Agents say demand for luxury lifestyle seaside property within two hours’ commuting distance of Brisbane remains strong, with prices rising up to 10 times the national average of 2 per cent.
Perth’s property market, which has spent five years in the doldrums after the mining crash, posted a 2 per cent gain in 2020 and is showing signs of recovery. Analysts are tipping price gains of close to 10 per cent.
Rental returns on houses and apartments rose more than 10 per cent and 9 per cent respectively, according to SQM Research.
Increased jobs and population growth is fuelling a residential building boom while rising iron ore prices should underwrite improved economic growth and residential market prices, say analysts.
Perth’s property prices are nearly 14 per cent below their 2014 peaks, so a recovery is starting off a low base.
The northern capital’s property prices jumped 9 per cent in 2020 and more than 5 per cent since last September. Rental prices rose by more than 21 per cent for houses and about 4 per cent for apartments.
But, like Perth, this is starting from a low base, with prices having fallen nearly 26 per cent in the six years since the last mining boom.
Terry Roth, a director at Herron Todd White, a national property consultancy, says the improving mining outlook and generous buyer incentives from local and federal governments are driving improved sentiment.
“Improvement has not been spread evenly,” adds Roth. “There is still an oversupply of residential units in the central business district, and inner suburbs have not improved to the same extent.”
Roth has concerns about the revival’s sustainability if employment does not improve.
Adelaide prices jumped 5.9 per cent in 2020, with rents for houses and apartments rising 5 per cent and 0.3 per cent respectively. Analysts expect prices overall to rise by about 5 per cent to 7 per cent over the next 12 months.
Local factors driving employment and growth are major capital projects including the $9 billion tunnel linking the northern and southern suburbs, a $2.4 billion hospital, casino upgrades and $40 billion naval projects.
Strong demand for top-end and lifestyle properties, such as in the Adelaide Hills, were among the positive surprises.
They include a mansion in Palmer Place, North Adelaide, under contract for an Adelaide record of $10 million.
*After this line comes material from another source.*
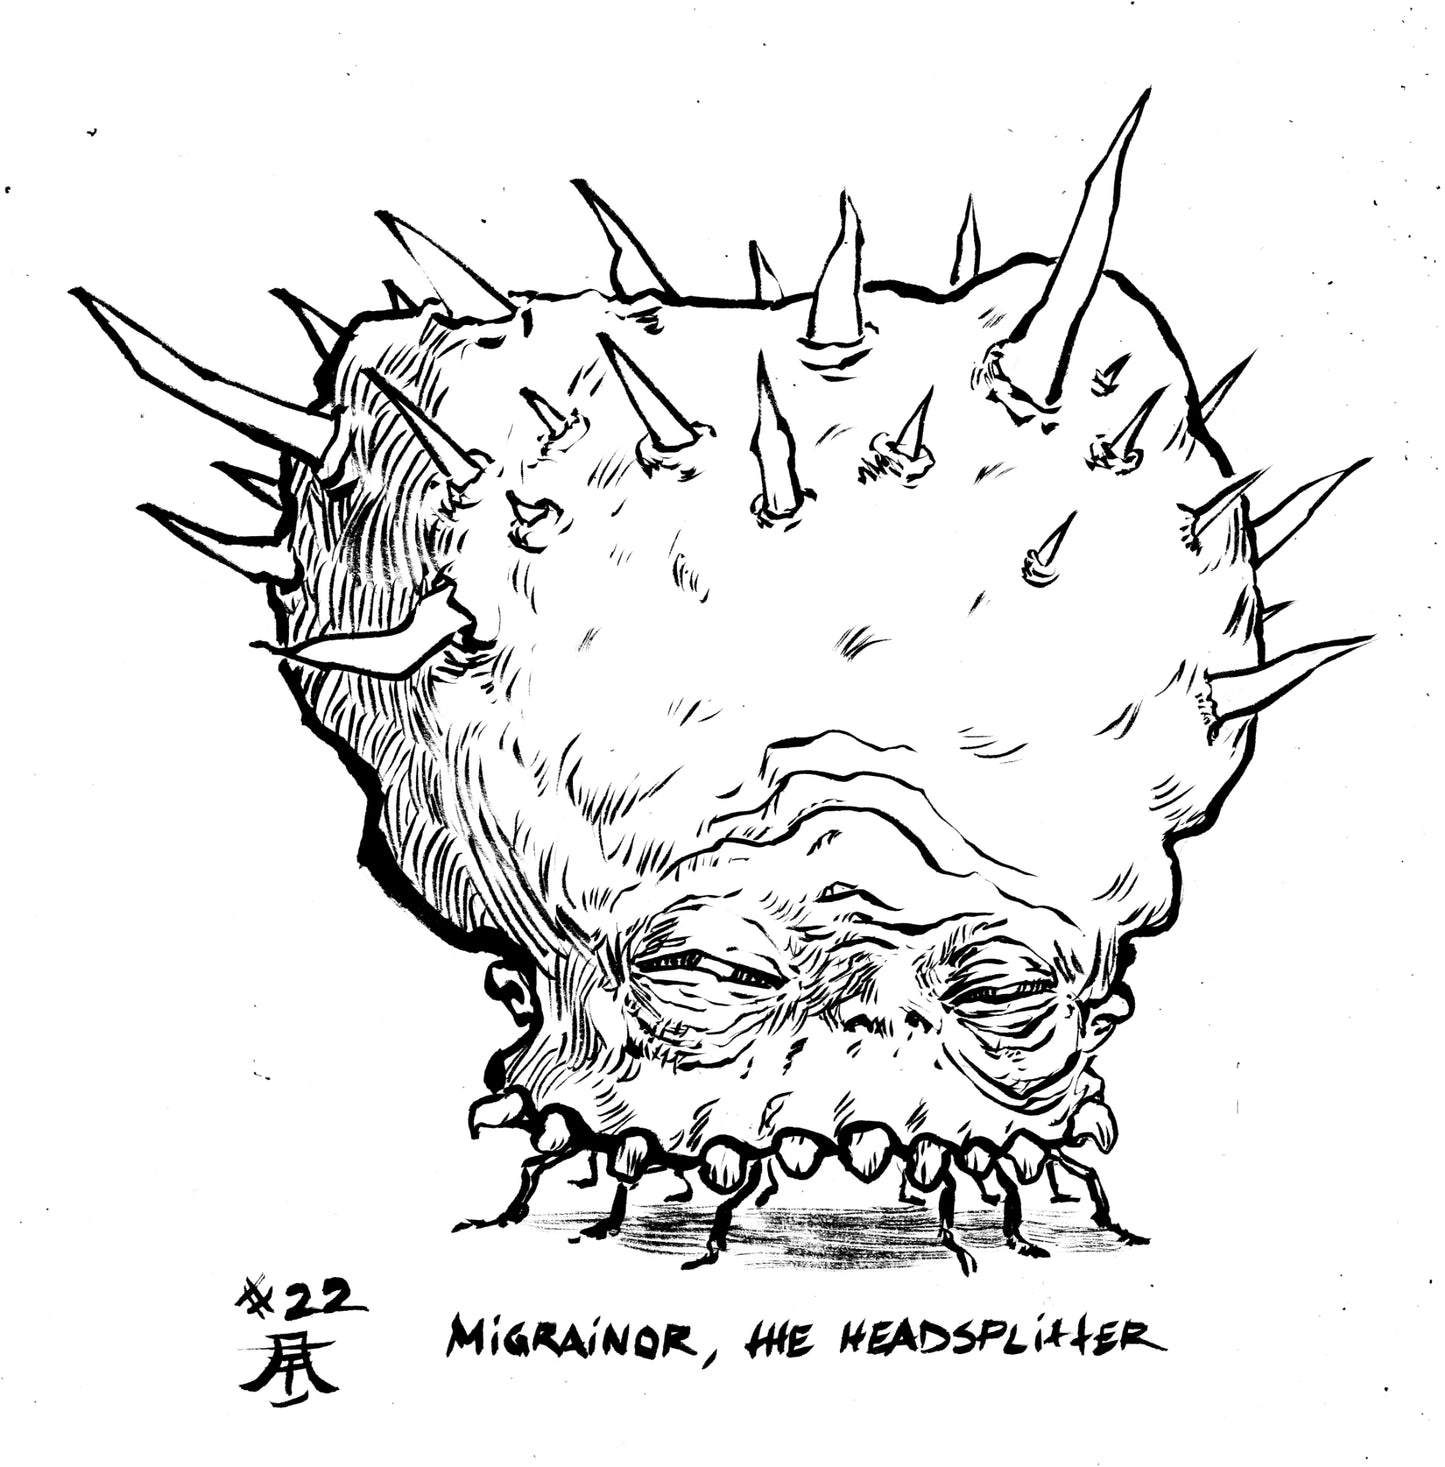 # 22 - Migrainor, The Headsplitter

Nick Smerdon, a Herron Todd White property valuer, says a lack of stock, increased buyer confidence and record low interest rates are driving demand.
“But with market fundamentals remaining on shaky ground, there seems uncertainty as to how long the strength in the market can hold,” he adds.
Forecasts for the next 12 months are in the 5 per cent to 10 per cent range. The city’s prospects are boosted by a growth in public sector employment and a housing shortage, say AMP’s Oliver and Archistar’s Wilson.
Sandra Howells, property valuer for Herron Todd White, warns of price volatility in the apartment sector, particularly as newly completed units compete against existing stock in suburbs such as Belconnen and Gungahlin.
Demand remains strong in Hobart, particularly for properties up to $600,000, says Herron Todd White property valuer Stephen Ning Liu.
Sales have slowed for top-end properties in excess of $1.5 million, but are expected to increase as sentiment continues to improve, he says.
AMP’s Oliver adds: “Hobart and Canberra dwelling prices are playing catch-up after underperforming Melbourne and Sydney through much of the last decade.”